As the cost of health care continues to increase, we’ve seen a surge of interest in alternatives to traditional small group health insurance plans, like level-funded health insurance or HRAs, which can offer cost savings and flexibility for businesses that qualify.

The problem? We’ve found that many small business owners still don’t know that these options exist, how they work or what cost savings they might bring.

Exploring health plan alternatives: HRA and level-funded plans

In today’s complex and costly health insurance market, traditional group plans don’t always meet the needs of small businesses. Between participation requirements, rising premiums, and administrative overhead, it’s no surprise many employers are looking for new solutions.
Two of the most promising, but still underutilized, alternatives are:

Level-funded health insurance plans:

  • What it is: An employer-sponsored health insurance option that blends the predictability of fully insured plans with the cost savings potential of self-insured plans.
  • Why it works: Monthly premiums are fixed, but if claims are lower than expected, employers may get money back.
  • Best for: Healthy employee populations and businesses with over 10 employees looking for lower premiums than fully insured options.

Heath reimbursements arrangements (HRAs):

  • What it is: A tax-advantaged way for employers to reimburse employees for individual health insurance plans or qualified medical expenses. Employers typically offer this benefit through an Individual Coverage Health Reimbursement Arrangement (ICHRA) or Qualified Small Employer Health Reimbursement Arrangement (QSEHRA)
  • Why it works: Employers control the budget, employees get more choice and portability.
  • Best for: Employers who aren’t ready to offer a small group plan, remote or multi-state teams, businesses that don’t meet group plan participation thresholds, or those needing more cost control.
Related: Hospitals face staffing crunch as workforce declines, patient needs soar

These aren’t fringe solutions.

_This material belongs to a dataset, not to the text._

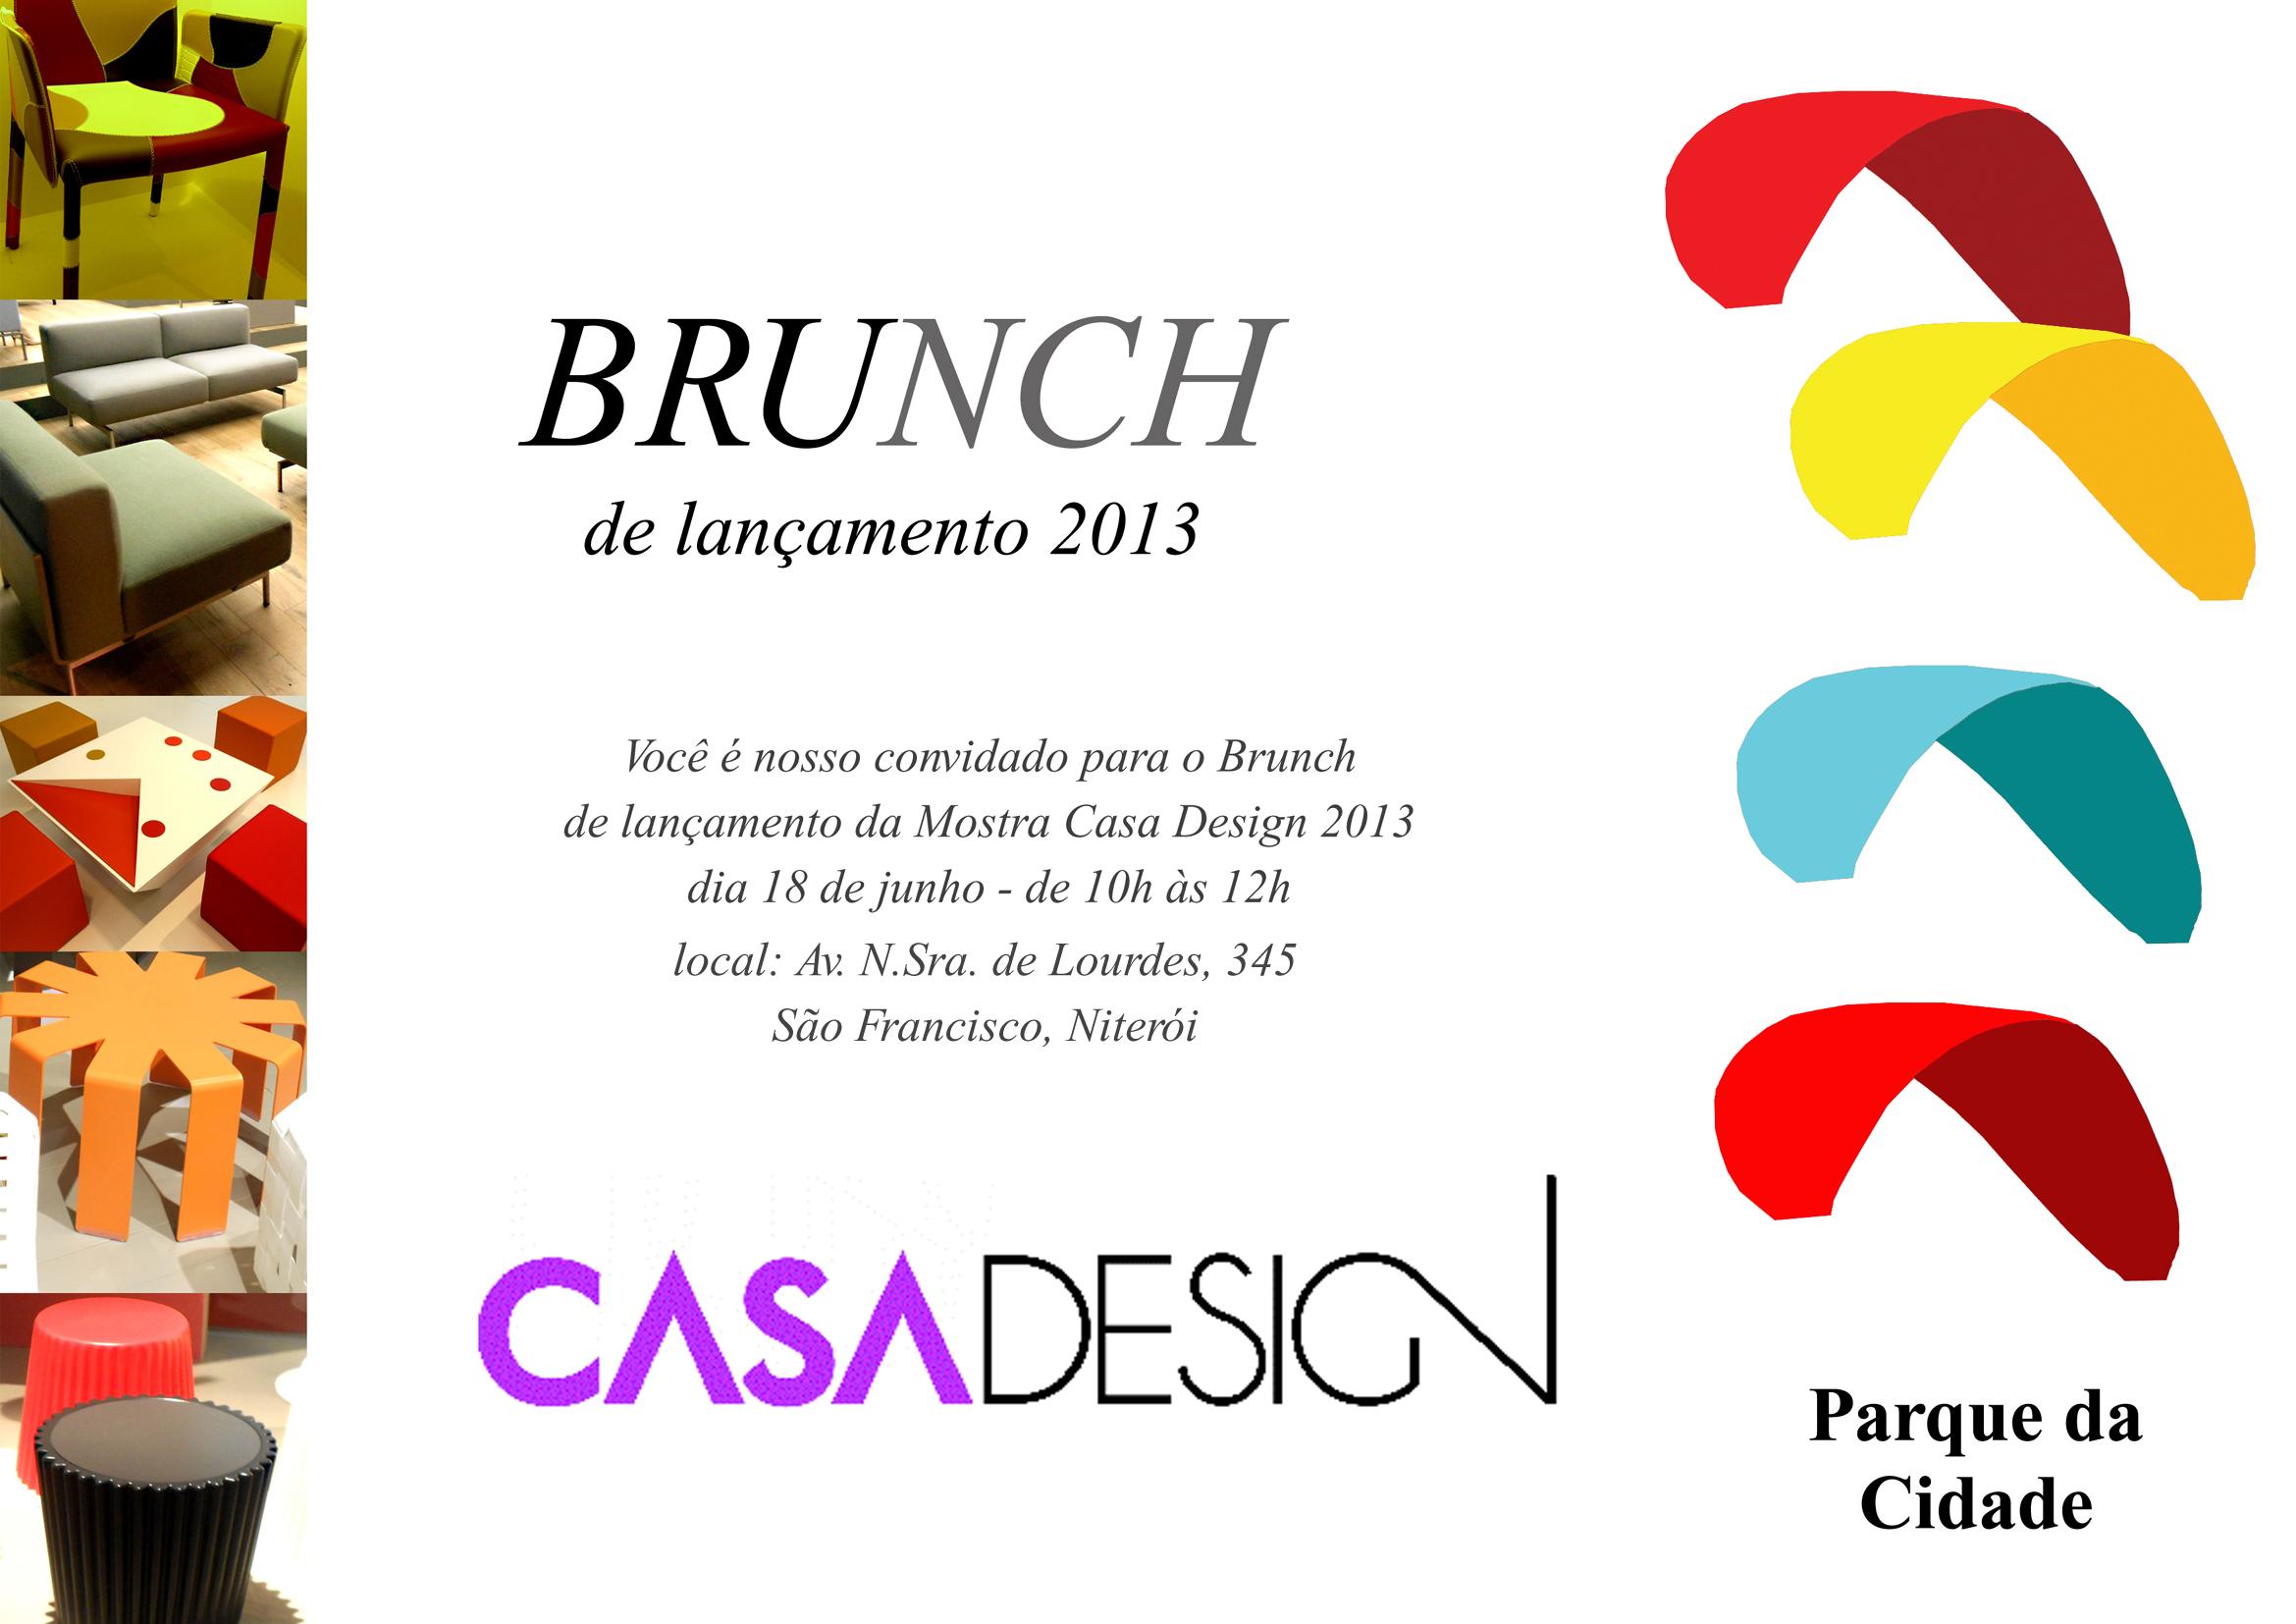 Casa Design 2013 faz brunch de imprensa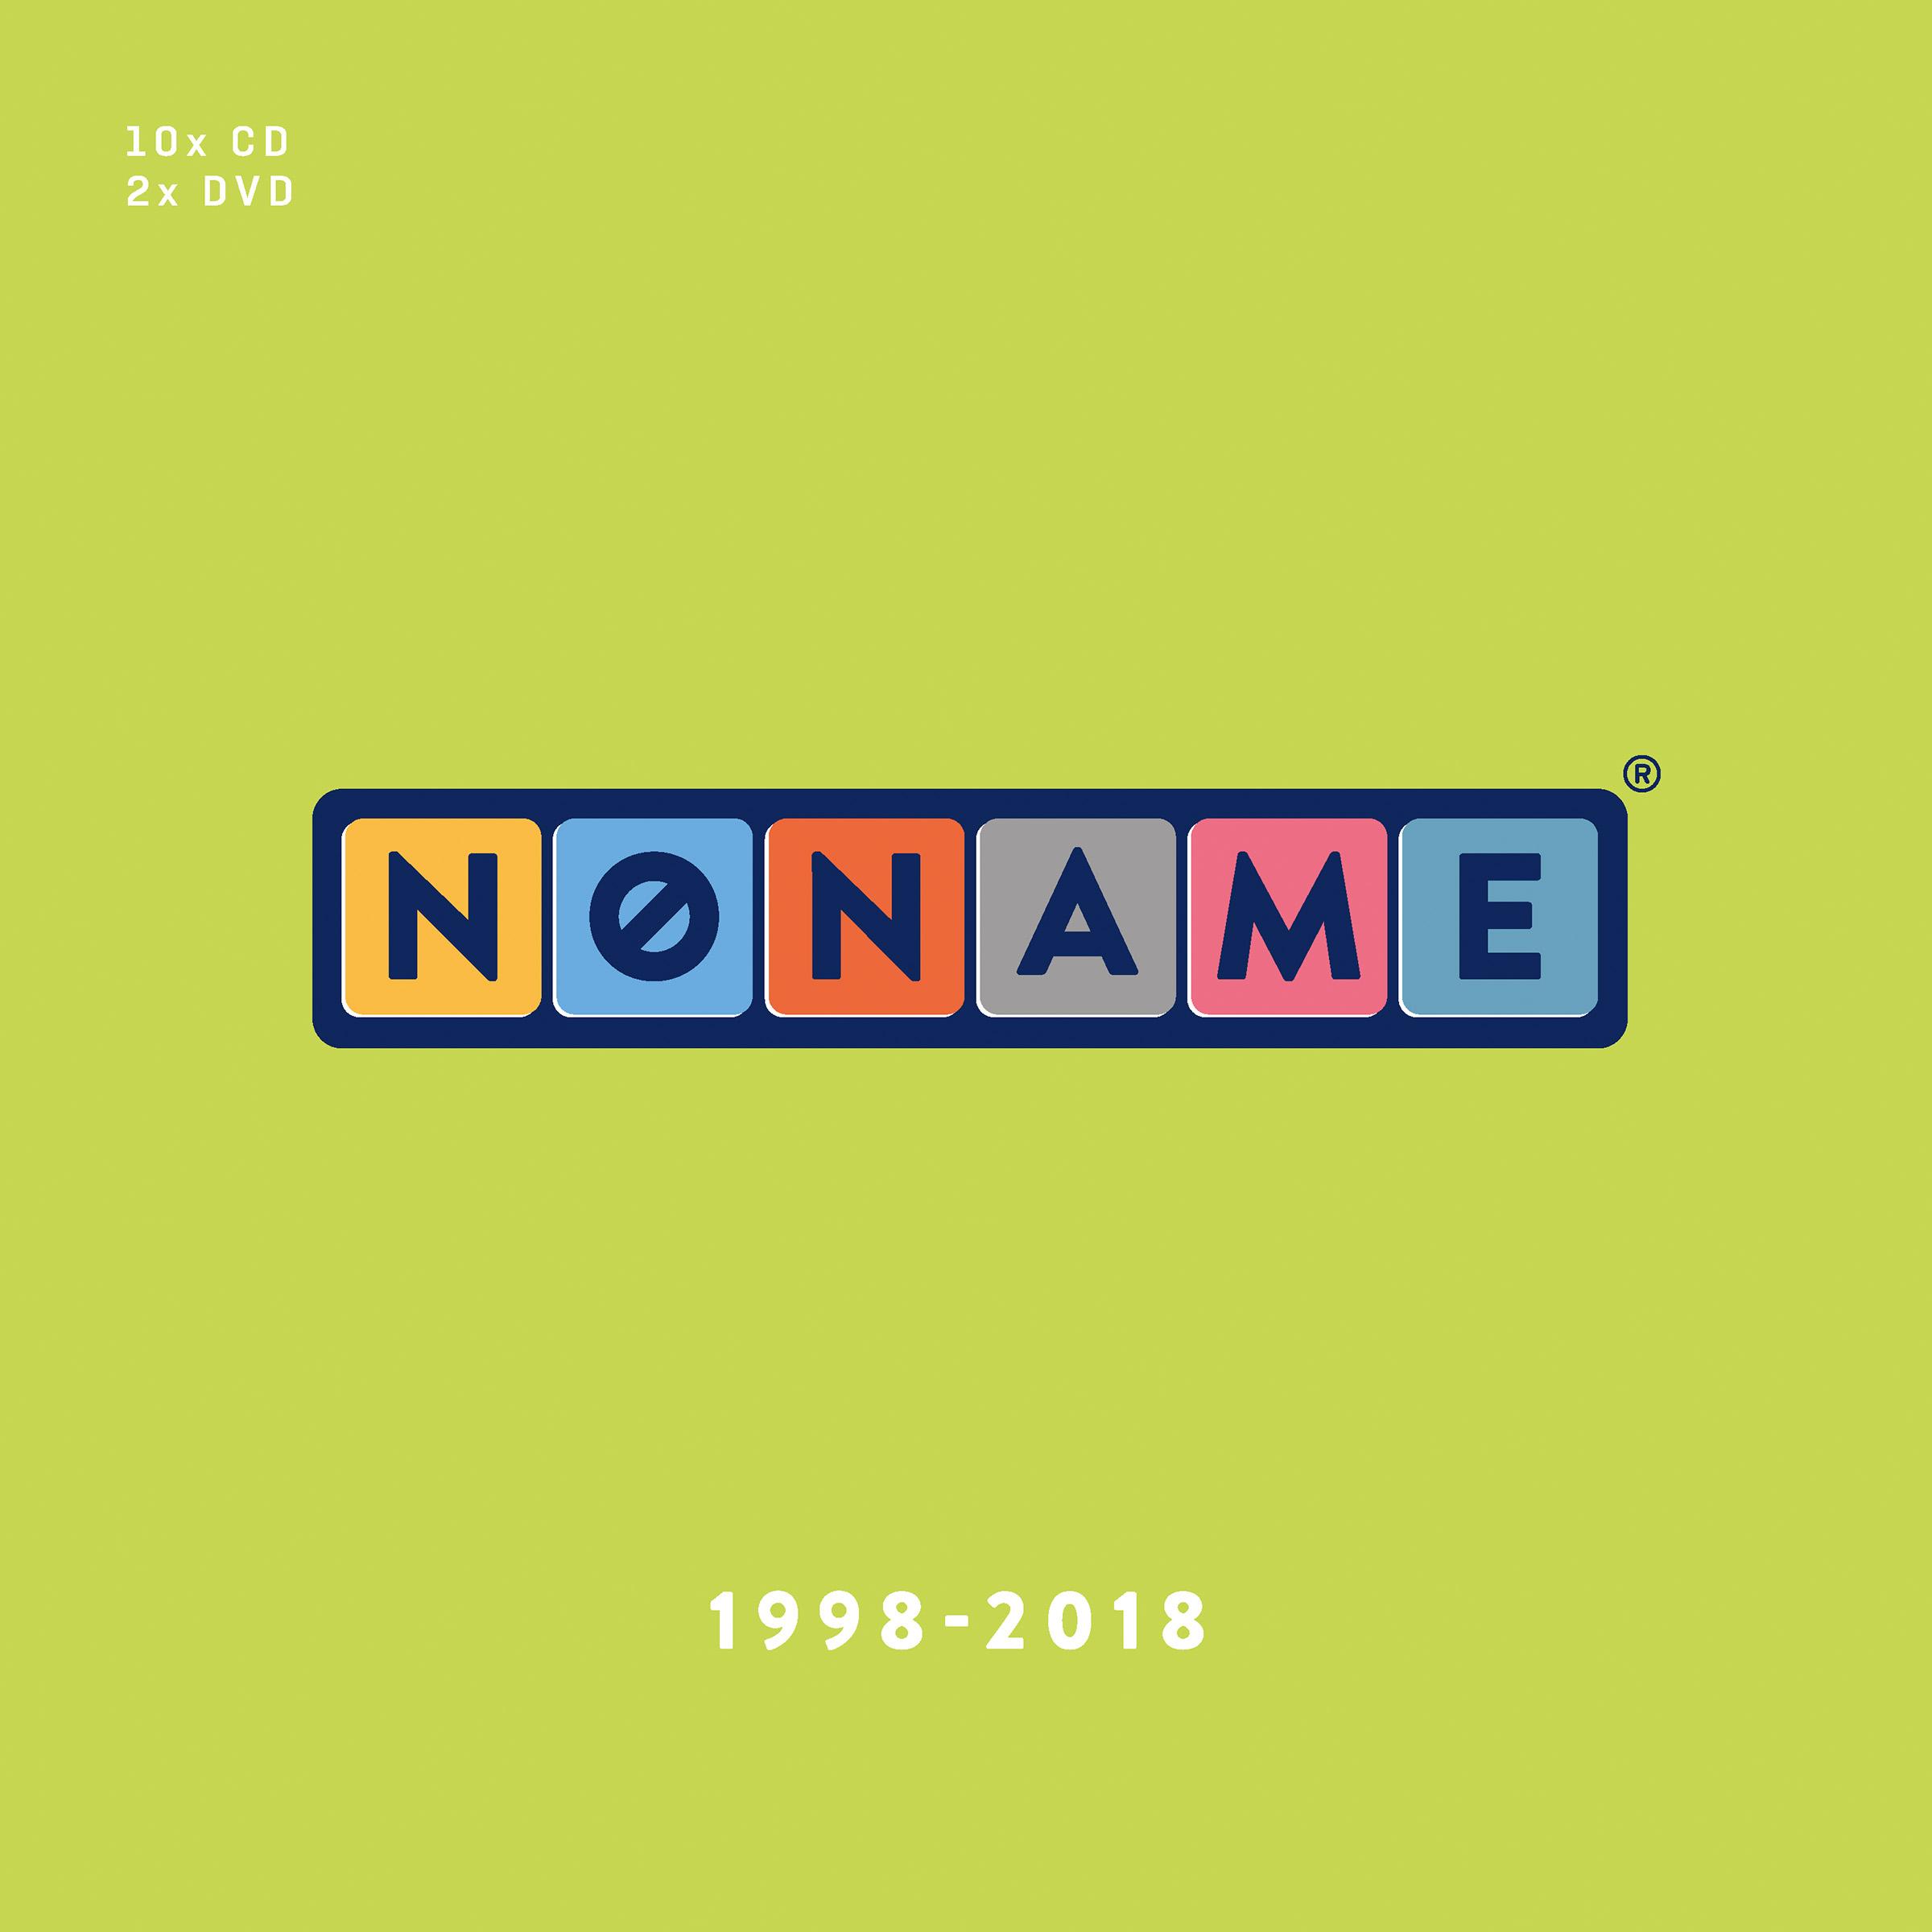 nonamecd

They’re quickly becoming go-to strategies for forward-looking small employers, but only if they know they exist and how to make the switch.

Why awareness is so low

Our research shows that 1 in 5 small business owners who work with accountants and business advisors don’t recognize the term ICHRA. It suggests a deeper issue: a lack of accessible, actionable education for employers trying to navigate their benefits options on their own.

Most business owners aren’t benefits experts—and they shouldn’t have to be. But when even the advisors they rely on don’t bring up these alternatives, opportunities get missed.

What brokers and advisors can do

Brokers, accountants, and benefits advisors are the trusted guides for small businesses navigating these decisions. You don’t need to recommend one model over another, but making sure clients know what’s out there is a critical first step.

Here’s how you can help:

  • Bring level-funded and HRA plans into your standard benefits conversation.
  • Explain in plain language what the trade-offs are vs. traditional group coverage.
  • Identify customers where these alternatives might make the most sense (e.g., small distributed teams, businesses frustrated with rising premiums, or early-stage companies looking for budget control).

The bottom line: Small businesses deserve more choice

The future of small business health benefits is choice. But right now, too many employers don’t know they have any.

Whether it’s a level-funded plan, HRA or another creative model, the best solution is the one that fits their people, budget, and business model. But they can’t choose what they’ve never heard of, and that’s where brokers and advisors can make the biggest difference.